Vicente Blasco Ibáñez's 1916 novel, The Four Horsemen of the Apocalypse, provides an early well-known interpretation of the White Horseman as Pestilence: "The horseman on the white horse was clad in a showy and barbarous attire. ... While his horse continued galloping, he was bending his bow in order to spread pestilence abroad. At his back swung the brass quiver filled with poisoned arrows, containing the germs of all diseases."[17] NetHack is among the works that make use of this latter interpretation, as are other roguelikes such as ToME.

Encyclopedia entry

[Pestilence:] And I saw when the Lamb opened one of the seals,
and I heard, as it were the noise of thunder, one of the four
beasts saying, Come and see. And I saw, and behold a white
horse: and he that sat on him had a bow; and a crown was given
unto him: and he went forth conquering, and to conquer.

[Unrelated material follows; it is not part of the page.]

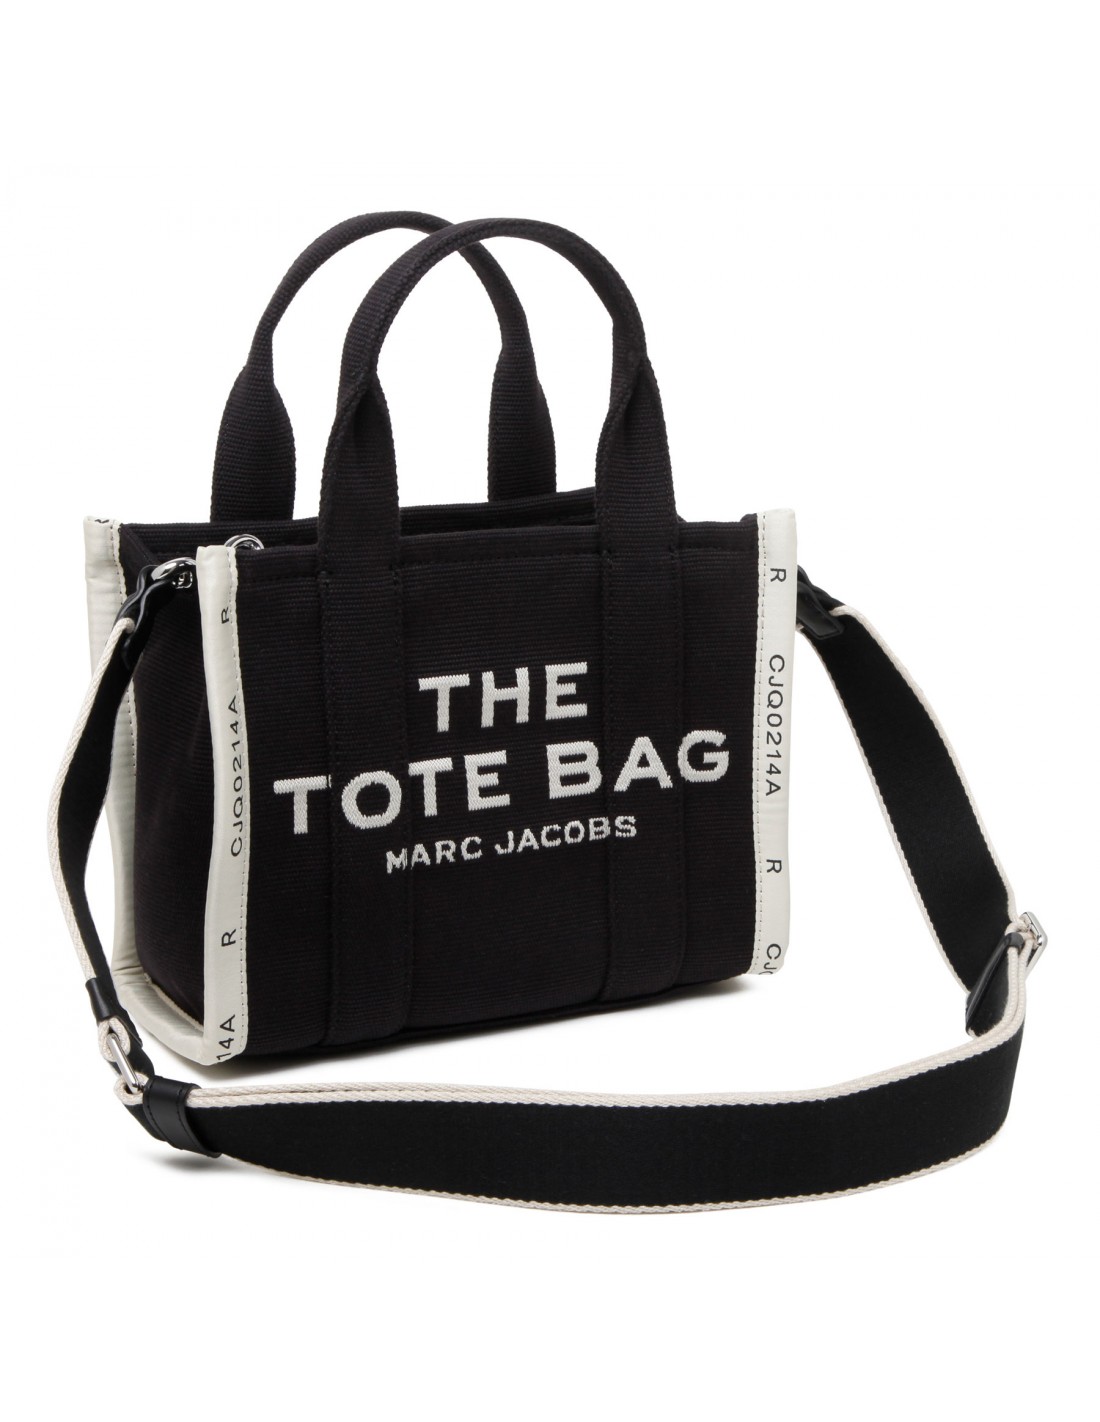 The Jacquard Mini tote bag
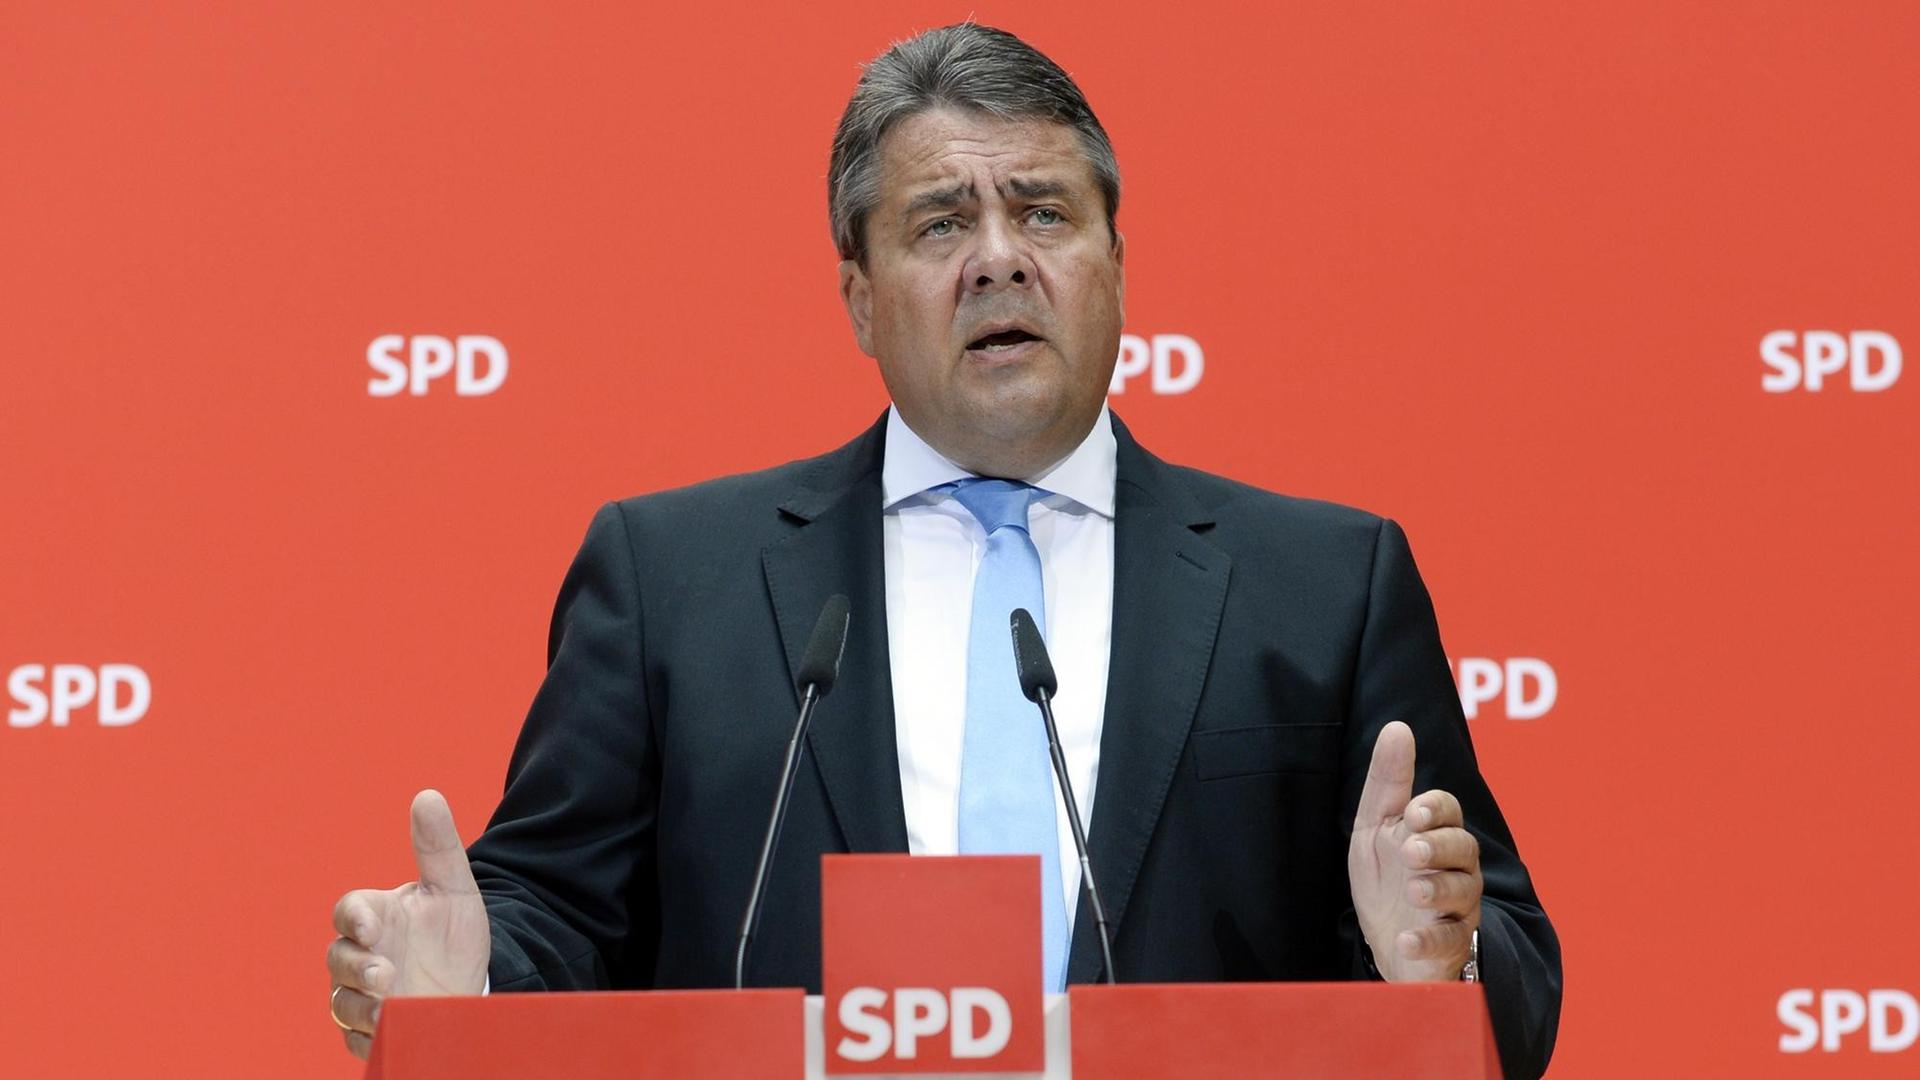 SPD-Vorsitzender und Bundeswirtschaftminister Sigmar Gabriel spricht am 05.06.2016 in Berlin während einer Pressekonferenz nach einem Parteikonvent.

[War:] And when he had opened the second seal, I heard the
second beast say, Come and see. And there went out another
horse that was red: and power was given to him that sat thereon
to take peace from the earth, and that they should kill one
another: and there was given unto him a great sword.

[Famine:] And when he had opened the third seal, I heard the
third beast say, Come and see. And I beheld, and lo a black
horse; and he that sat on him had a pair of balances in his
hand. And I heard a voice in the midst of the four beasts say,
A measure of wheat for a penny, and three measures of barley
for a penny; and see thou hurt not the oil and the wine.

[Death:] And when he had opened the fourth seal, I heard the
voice of the fourth beast say, Come and see. And I looked, and
behold a pale horse: and his name that sat on him was Death,
and Hell followed with him. And power was given unto them over
the fourth part of the earth, to kill with sword, and with
hunger, and with death, and with the beasts of the earth.